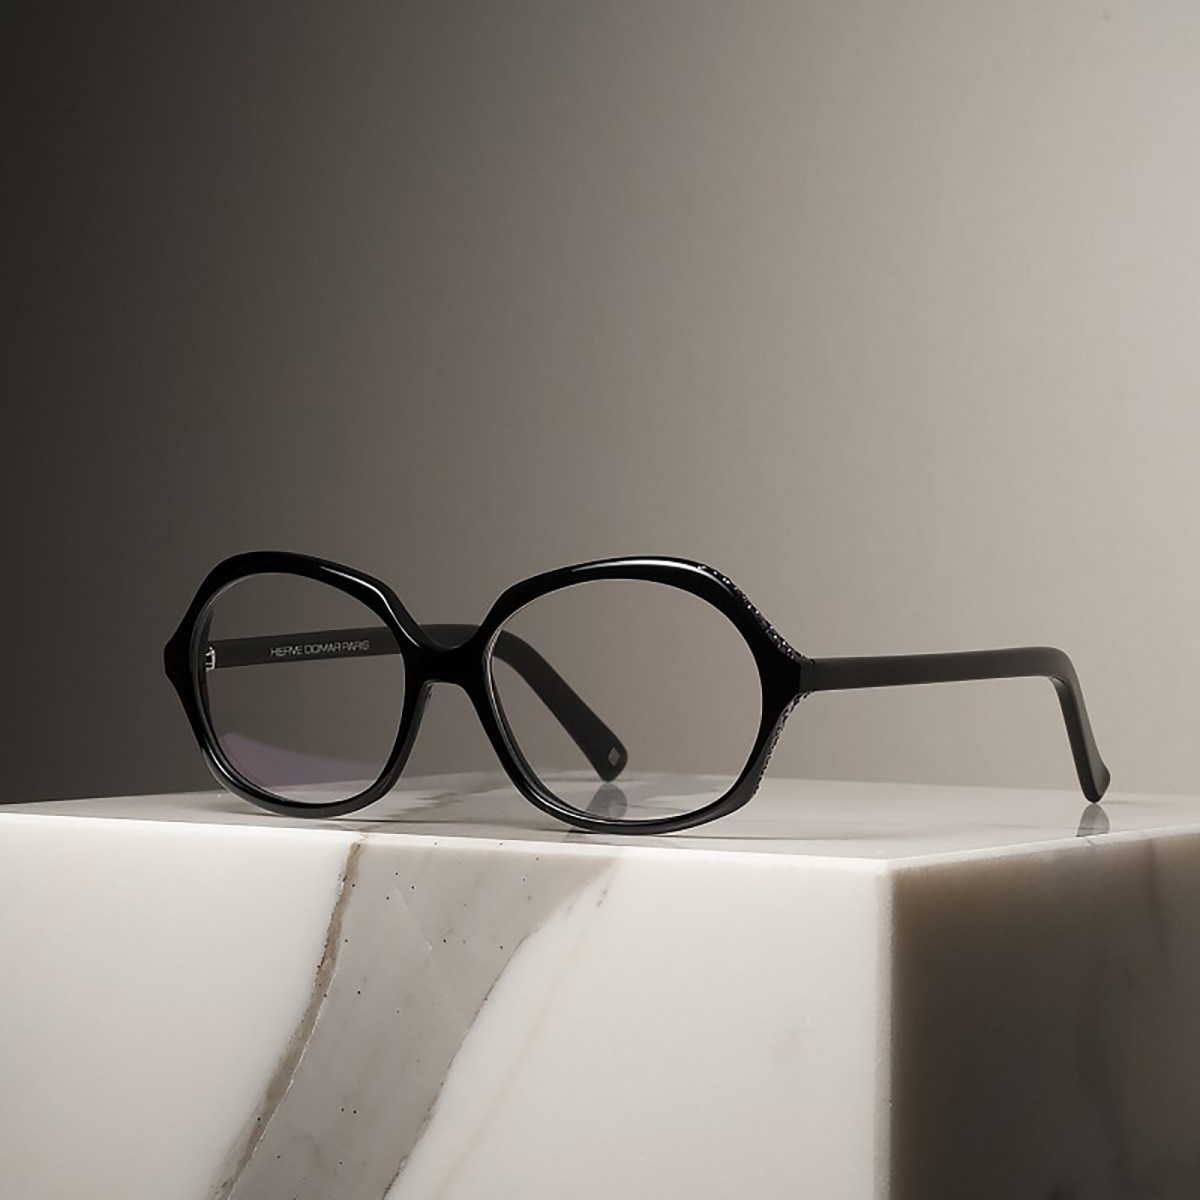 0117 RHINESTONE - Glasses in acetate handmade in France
* * *
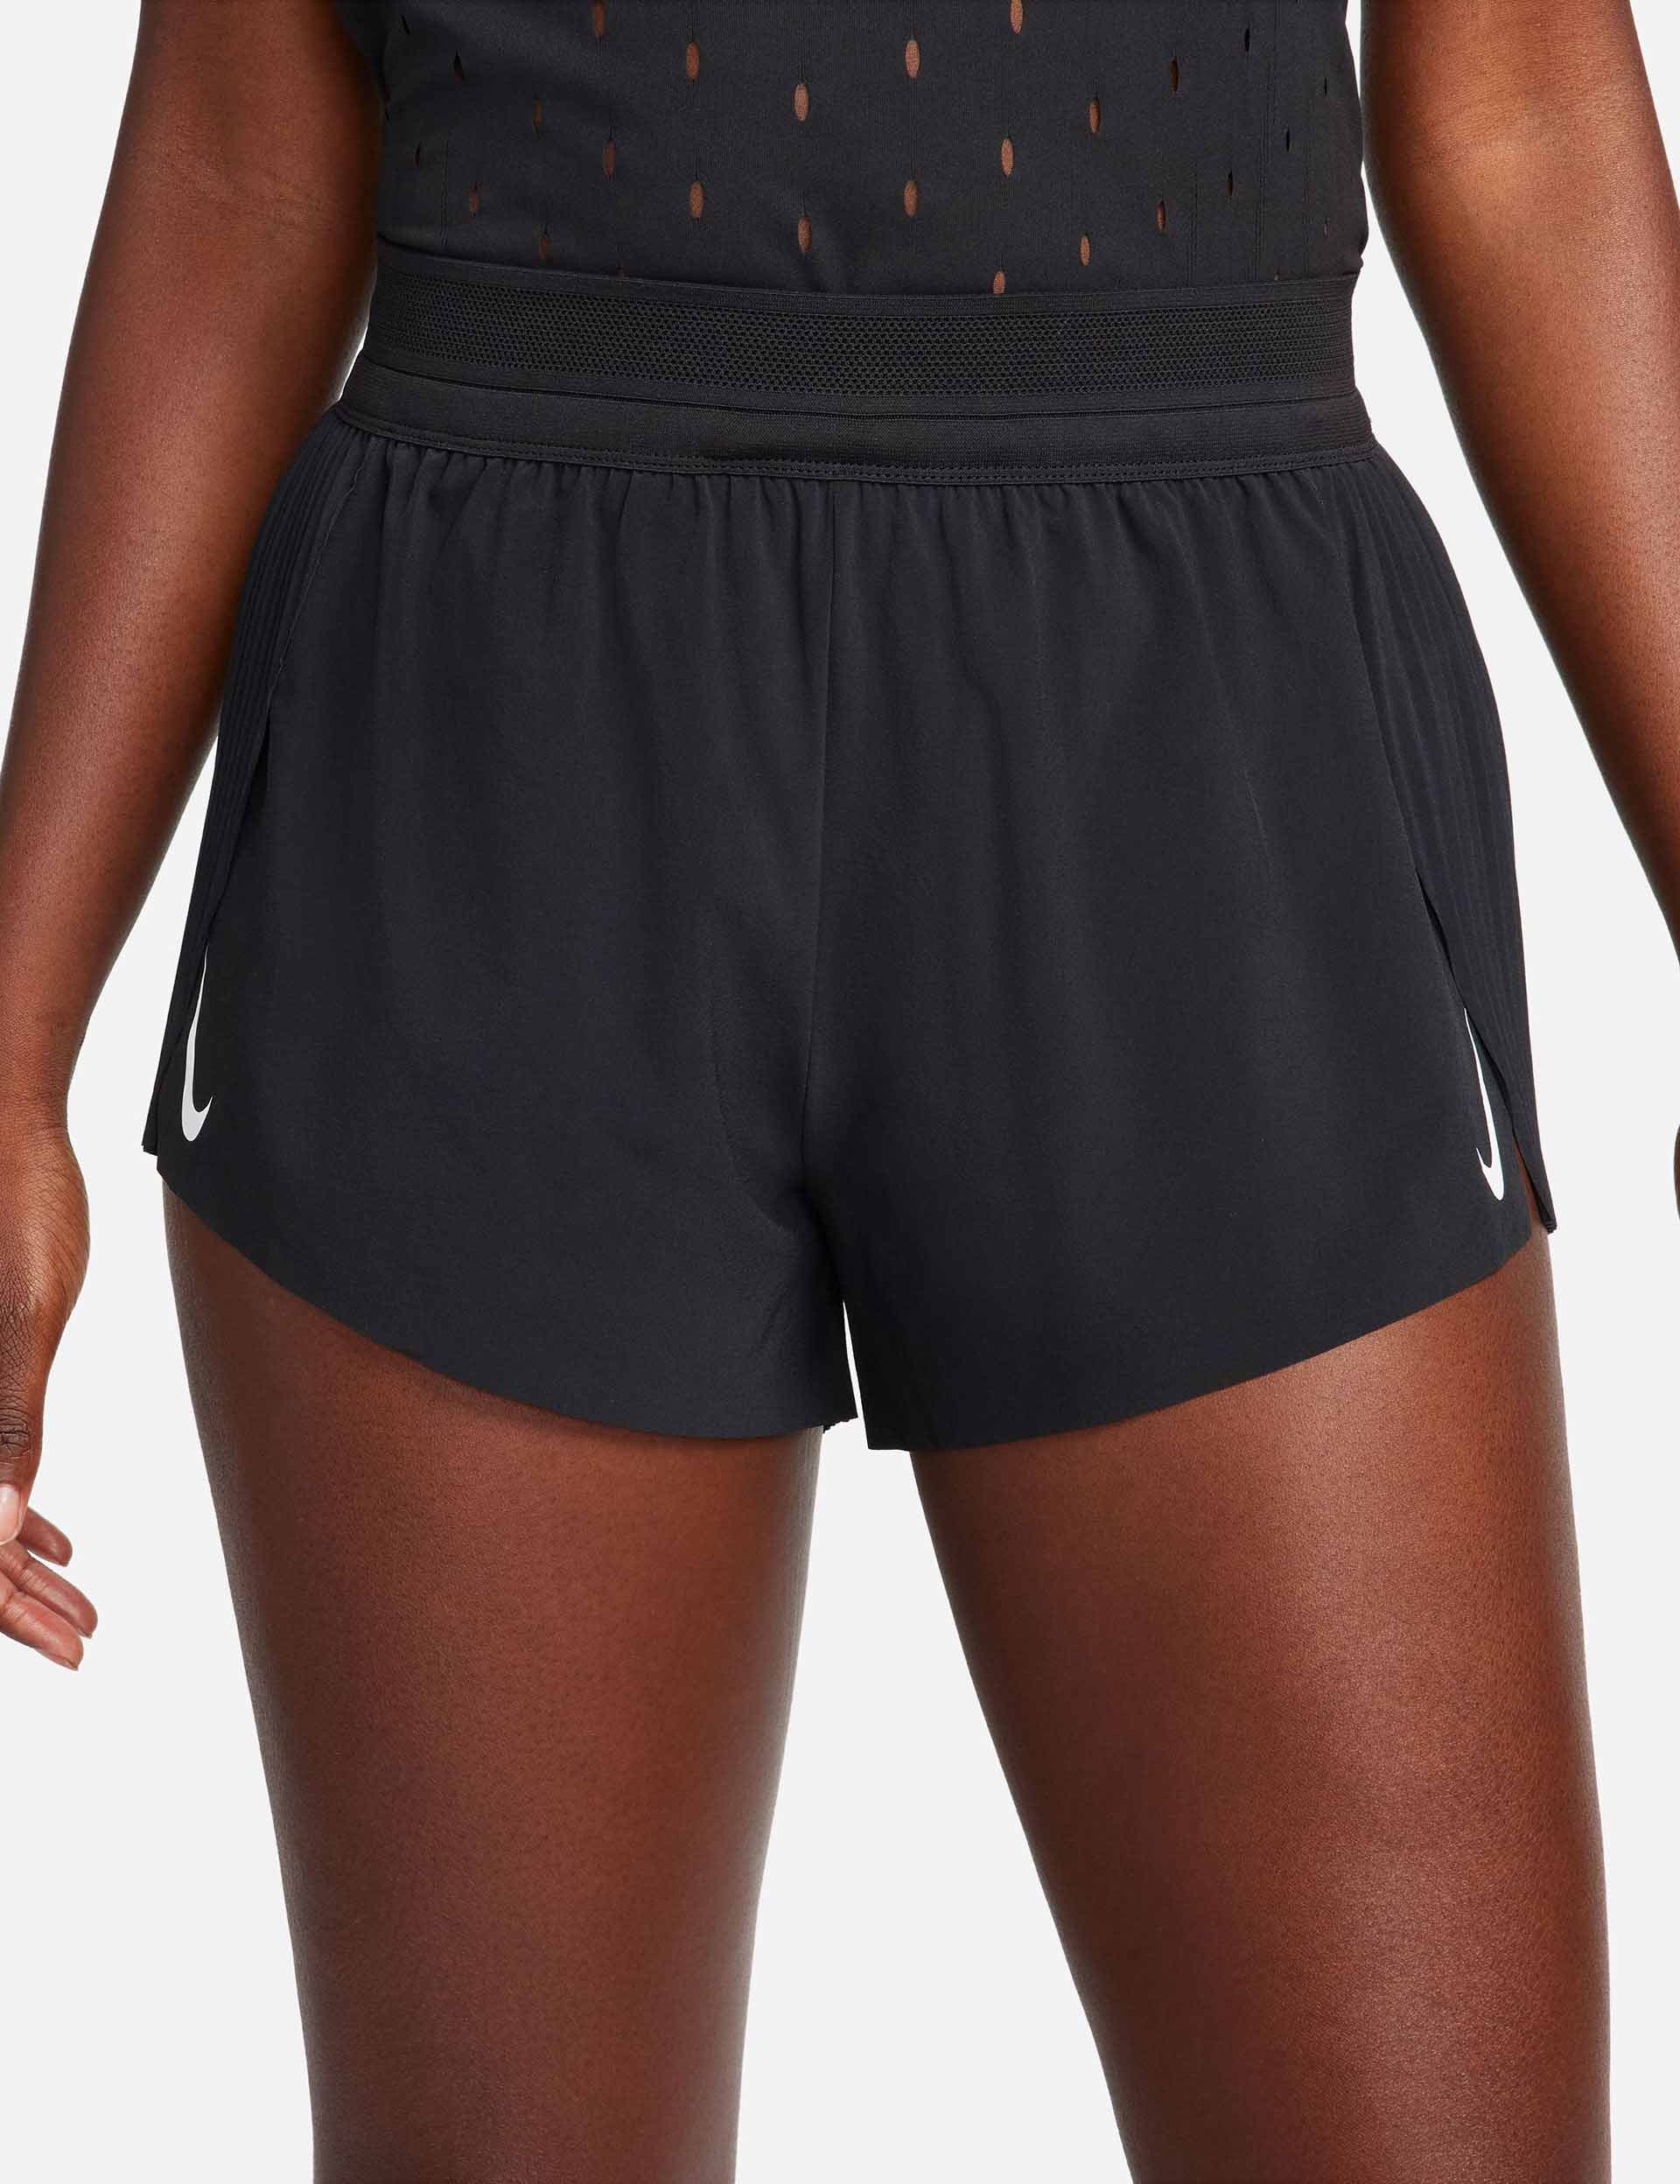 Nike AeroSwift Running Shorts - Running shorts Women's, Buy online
==
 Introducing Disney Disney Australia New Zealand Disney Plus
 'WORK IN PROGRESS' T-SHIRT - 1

■ Activity ■
Retype exactly the span of lines from the one with "Introducing Disney Disney" through the one with "T-SHIRT - 1"; include both ends and omit the rest of the material.

■ Result of the task ■
 Introducing Disney Disney Australia New Zealand Disney Plus
 'WORK IN PROGRESS' T-SHIRT - 1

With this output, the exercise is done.